The PRDM9 gene in human and mouse encodes a protein with KRAB [5] and SET domains followed by multiple tandem C2H2 zinc finger (ZF) domains near the C-terminus [6], [7]. The PRDM9 SET domain region confers histone H3(K4) trimethyltransferase activity, consistent with activity as a transcriptional activator [6]. The function of the KRAB domain of PRDM9 has not specifically been studied, but in other ZF transcription factors it is known to recruit histone deacetylases and histone H3(K9) methyltransferase, suggesting activity as a transcriptional repressor [8], [9]. Since the ZF domains are the only DNA-binding domains in PRDM9, it is likely that they confer the DNA-binding specificity of PRDM9. Because of its histone modifying activity and DNA-binding domains, it has been assumed that PRDM9 encodes a transcription factor that regulates other genes important for germ line meiosis but there is no direct evidence for such a role.

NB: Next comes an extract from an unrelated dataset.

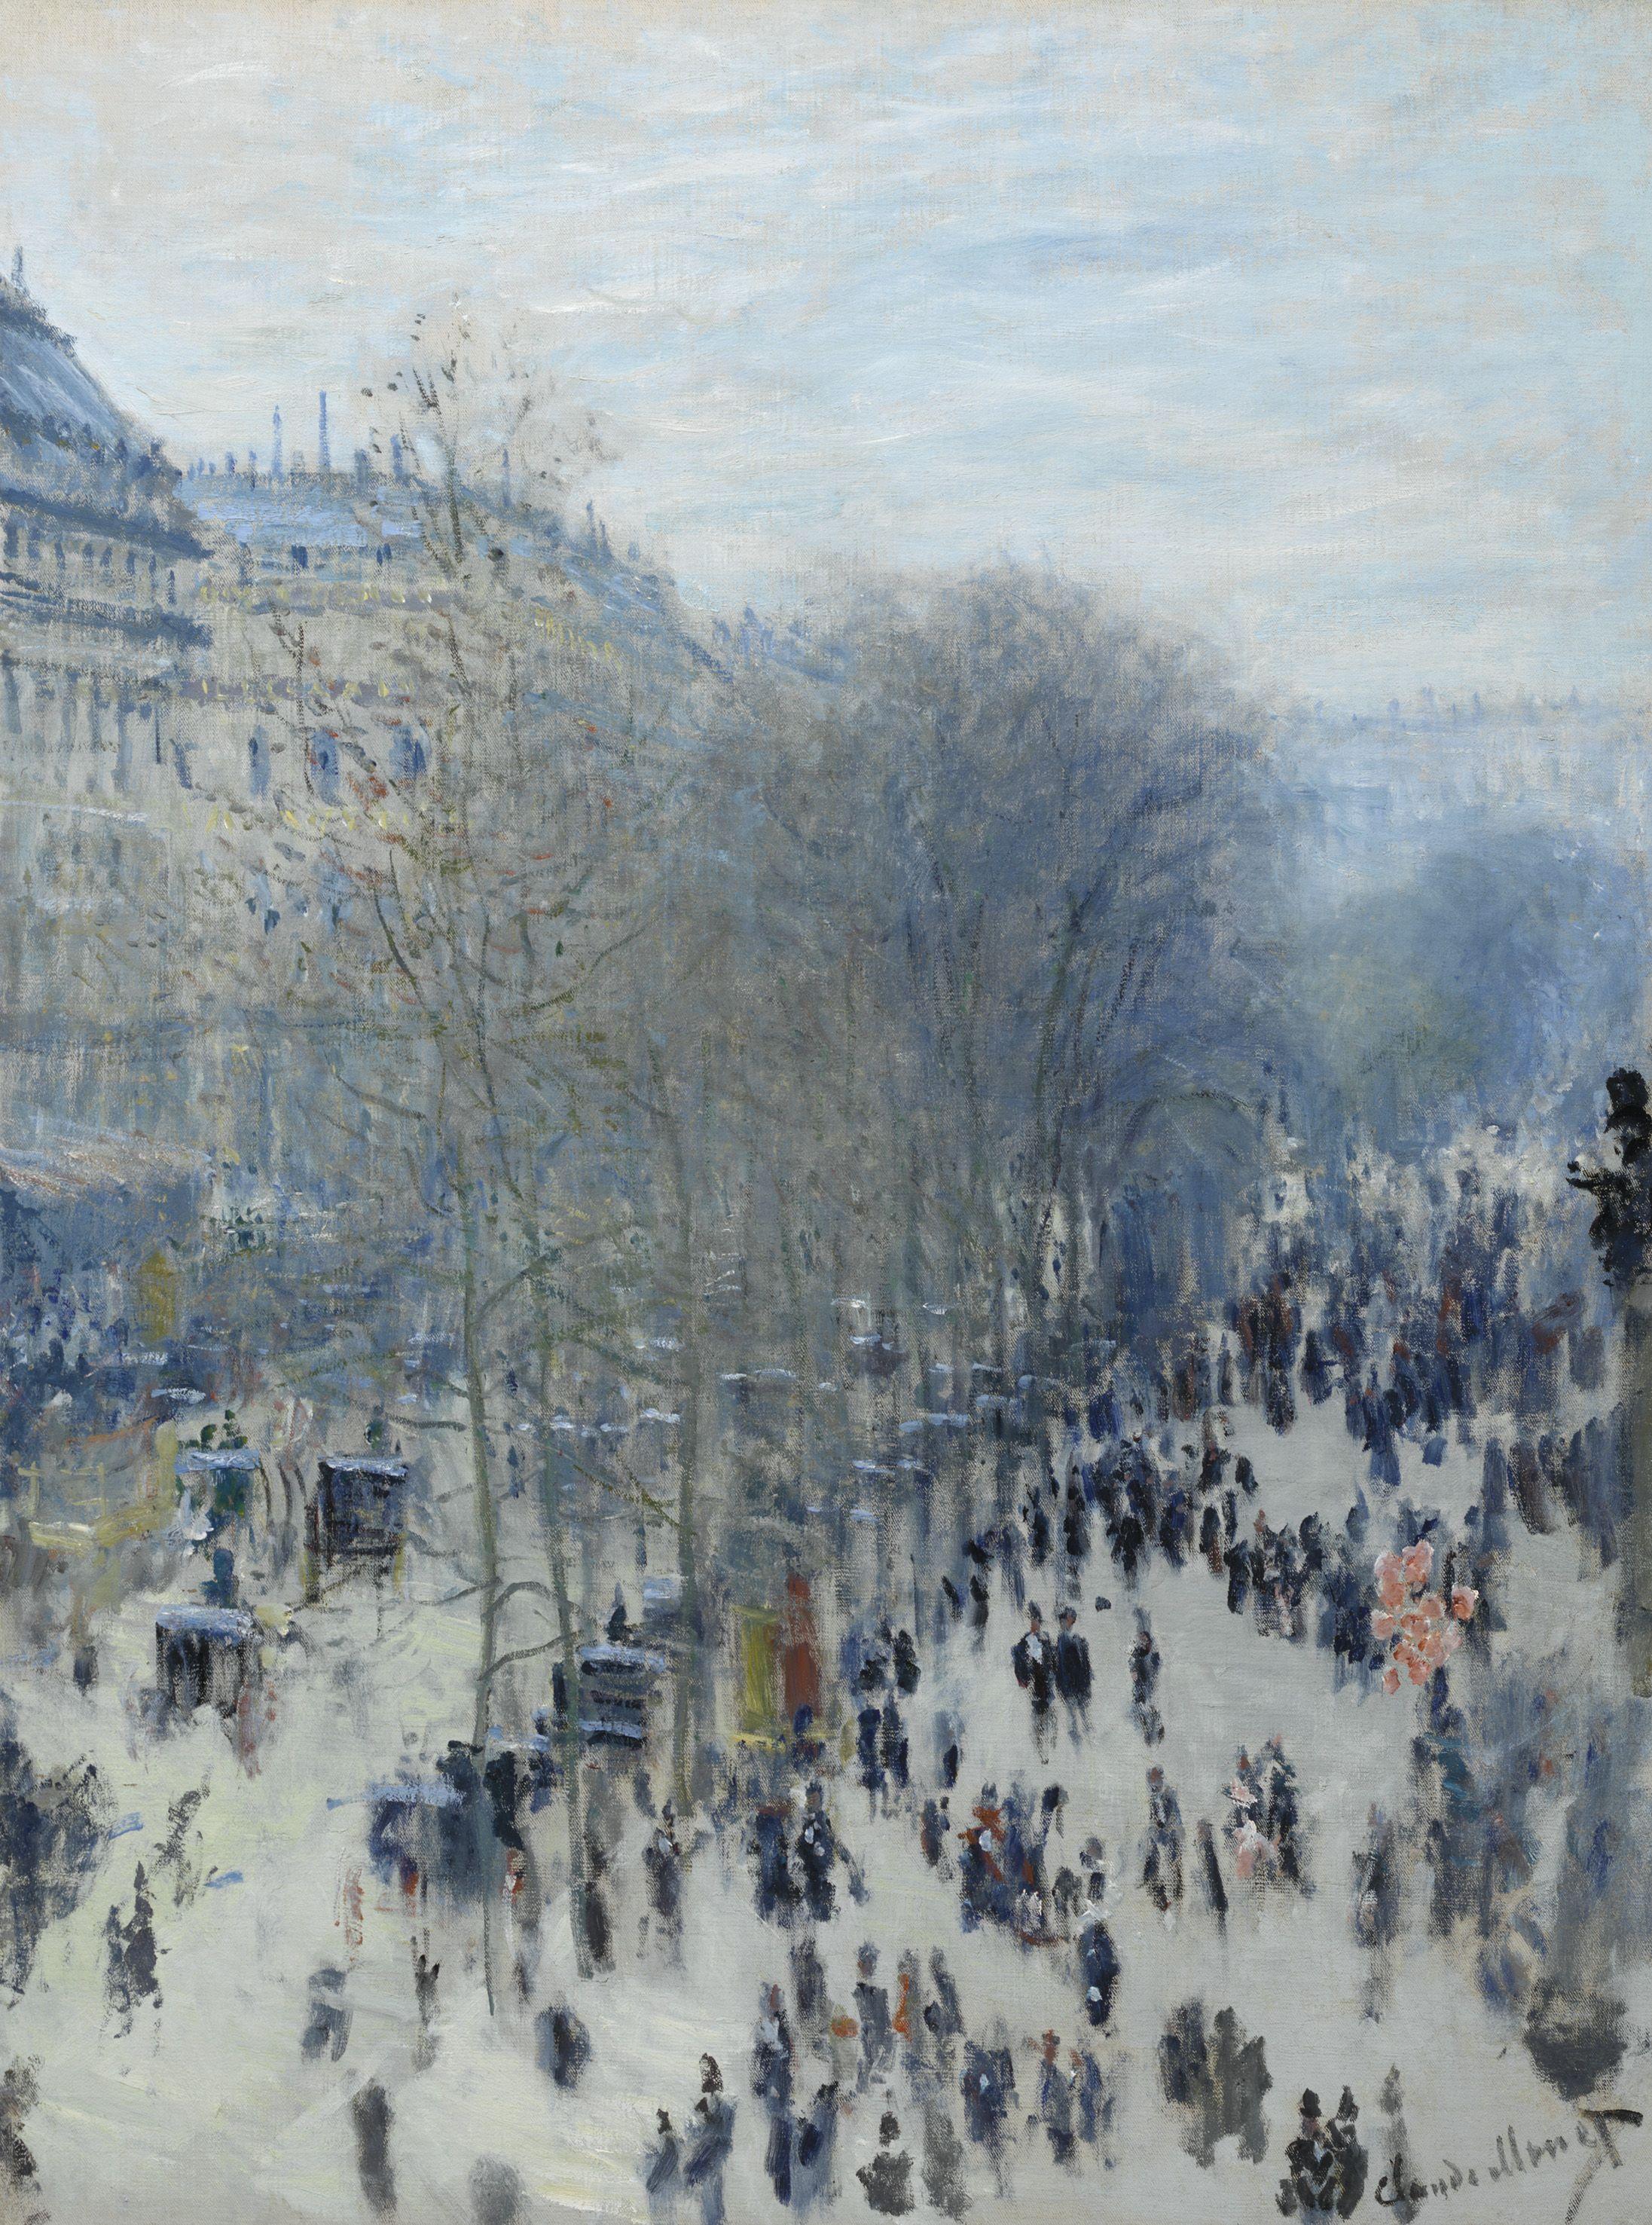 Monet Und Die Geburt Des Impressionismus Franzosischer Maler Stadel Museum Impressionismus Monet Claude Monet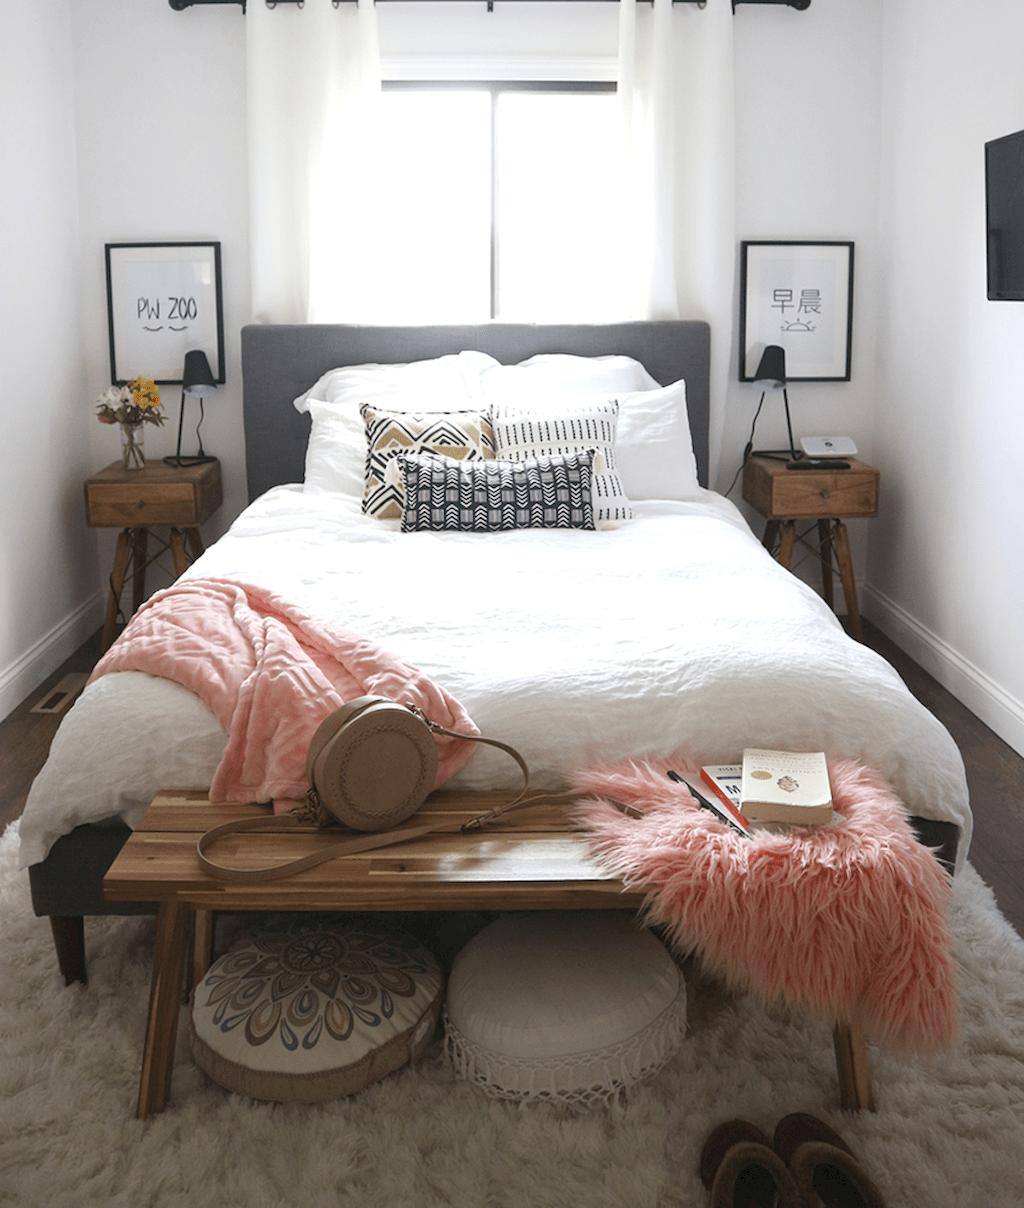 9 Fresh Small Master Bedroom Decor Ideas - DoitDecor

The structure of ZF domains of the type found in PRDM9 bound to DNA is well-established [10], [11], [12]. Tandem ZF domains confer DNA-binding specificity in a modular manner, with sequential ZF domains binding sequential 3 nt DNA sequences in target sites. Each core ZF domain is typically 21 residues long and consists of a conserved framework of amino acids that coordinates and positions a highly variable nucleotide contact region. Adjacent core ZF domains are joined by a conserved 7 amino acid linker region, which makes a DNA phosphate contact and coordinates adjacent zinc fingers. Within the core ZF domain, nucleotide contacts are made by an eight amino acid turn-helix that occupies the major groove of DNA. Three amino acids make the major nucleotide contacts and adjacent residues may contribute additional contacts and influence the positioning of the major nucleotide contacts. The positions of all these amino acids are highly conserved and can be directly inferred from ZF domain sequence.
We report analysis of molecular evolution of the PRDM9 gene based on sequence comparisons between primate species and on human polymorphisms.
Results
Primate Divergence and Positive Selection
We identified PRDM9 orthologs in primates and analyzed their molecular evolution. Most of the PRDM9 gene is well conserved in sequence, but the ZF domains are highly divergent. For example, in the 12 ZF domains of human and chimpanzee PRDM9 proteins, 28 of the 36 major nucleotide contact residues differ (Figure 1), despite a genome-wide average nucleotide divergence of 1.2% and protein divergence of 0.12% [13]. To study selection acting on primate PRDM9 genes, we performed maximum-likelihood analysis of synonymous and nonsynonymous codons in the human, chimpanzee, orangutan, macaque, and baboon. Most of the 894 codons in the PRDM9 alignment are characterized by negative (purifying) selection, indicated by a low estimated dN/dS value (frequency of nonsynonymous change relative to synonymous change). However 32 codons had a high estimated dN/dS value that reached statistical significance for positive selection (P>0.95). Of these 32 codons, 26 encode major nucleotide contact residues in ZF domains and all 6 other codons are immediately adjacent to major nucleotide contact residues. Several additional codons in DNA-binding turn-helix regions also had high estimated dN/dS values that did not reach statistical significance. Divergence in the DNA-binding turn-helix regions is obvious by simple inspection of the protein multiple alignment (Figure 1). In addition to rapid divergence in the DNA-binding residues, there are several changes in the number of ZF domains among the five primates. All of these changes are the result of precise insertion or deletion of entire ZF domains, consistent with generation by unequal cross-over events. These changes are also expected to affect DNA-binding specificity. A high degree of amino acid divergence in the DNA-binding turn-helix region and changes in ZF domain number were also observed in other mammals, including rodents (data not shown).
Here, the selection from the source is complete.